The Bush administration, he said, had only prepared for a law and order situation and for a major displacement of refugees within Iraq. We never had enough troops on the ground to deal with a large scale insurgency, he told an insurance conference in West Virginia.
The looting that followed Baghdad's fall established an atmosphere of lawlessness and the US-led administration had to pay a big price for not stopping it, he said.
Mr Bremer said as Iraq's American ruler, he had advised Washington to revise its security plan but his suggestions were ignored. "The single-most important change that would have improved the situation would have been having more troops in Iraq at the beginning and throughout the occupation," Mr Bremer said. But the former American governor of Iraq said now he fully supports the Bush administration's plan for training Iraqi security forces and its current strategy for staying engaged with the interim Iraqi government.
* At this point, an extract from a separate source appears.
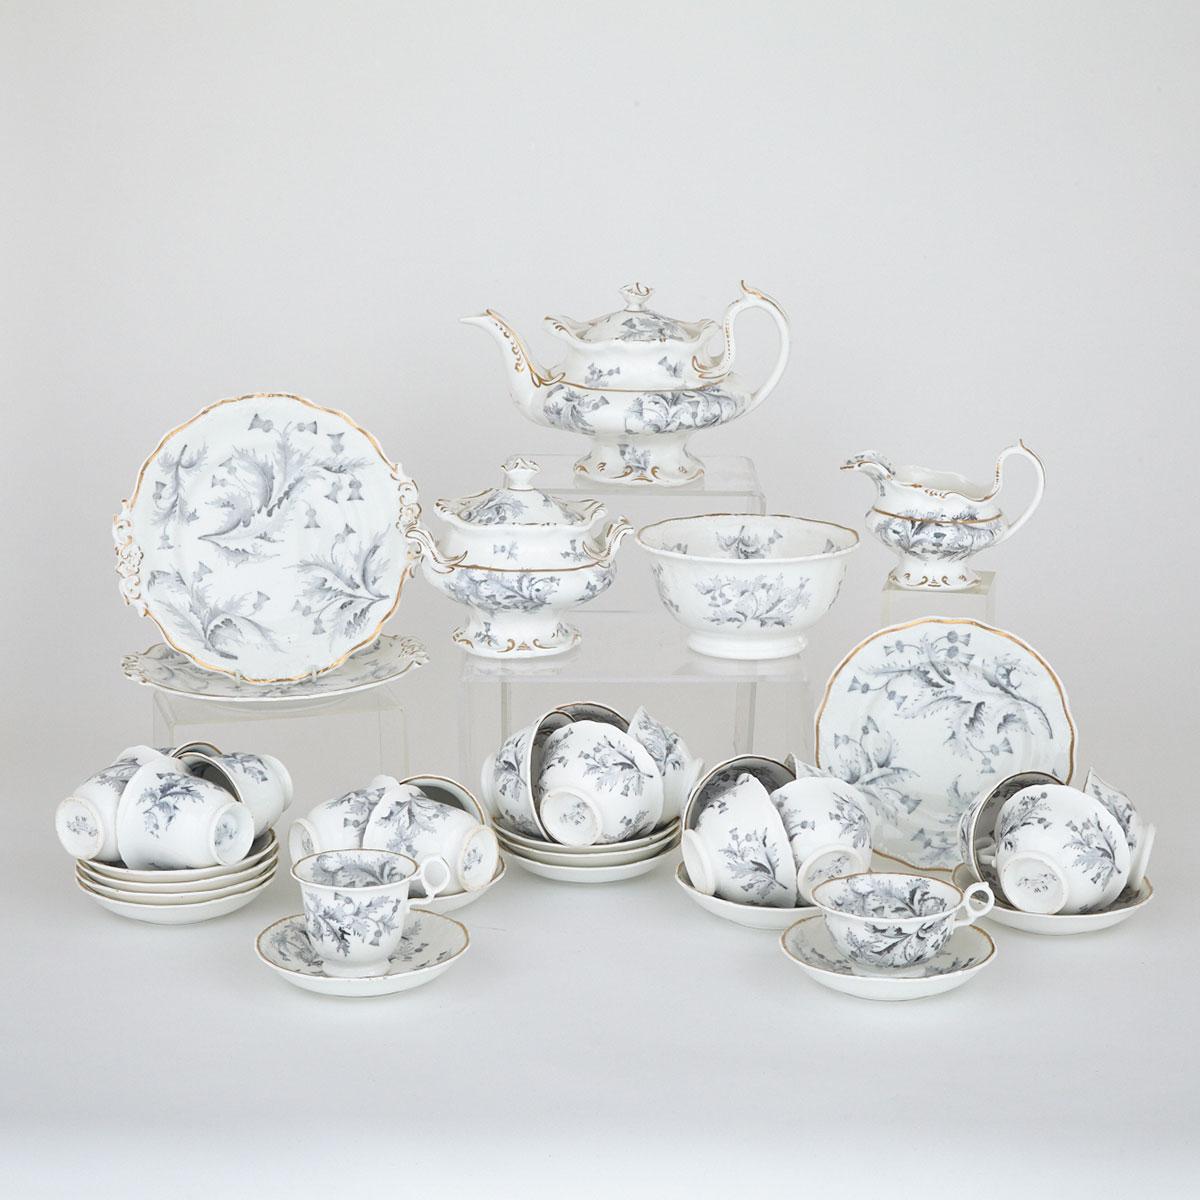 Grainger Worcester ‘Thistle’ Pattern Tea Service, c.1850-60

"I believe that we currently have sufficient troop levels in Iraq," he said in an e-mailed statement. He said all references in recent speeches to troops levels related to the situation when he arrived in Baghdad in May 2003 "and when I believed we needed either more coalition troops or Iraqi security forces to address the looting".
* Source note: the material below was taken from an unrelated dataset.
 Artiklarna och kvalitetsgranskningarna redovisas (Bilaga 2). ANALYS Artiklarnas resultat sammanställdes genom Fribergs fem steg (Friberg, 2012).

Mr Bremer also said he believes winning the war in Iraq is an "integral part of fighting this war on terror". In his speech to insurance agents, Mr Bremer said US plans for the post-war period erred in projecting what would happen after Saddam Hussein's collapse, focusing on preparing for humanitarian relief and widespread refugee problems rather than a prolonged insurgency. "There was planning, but planning for a situation that didn't arise," he said.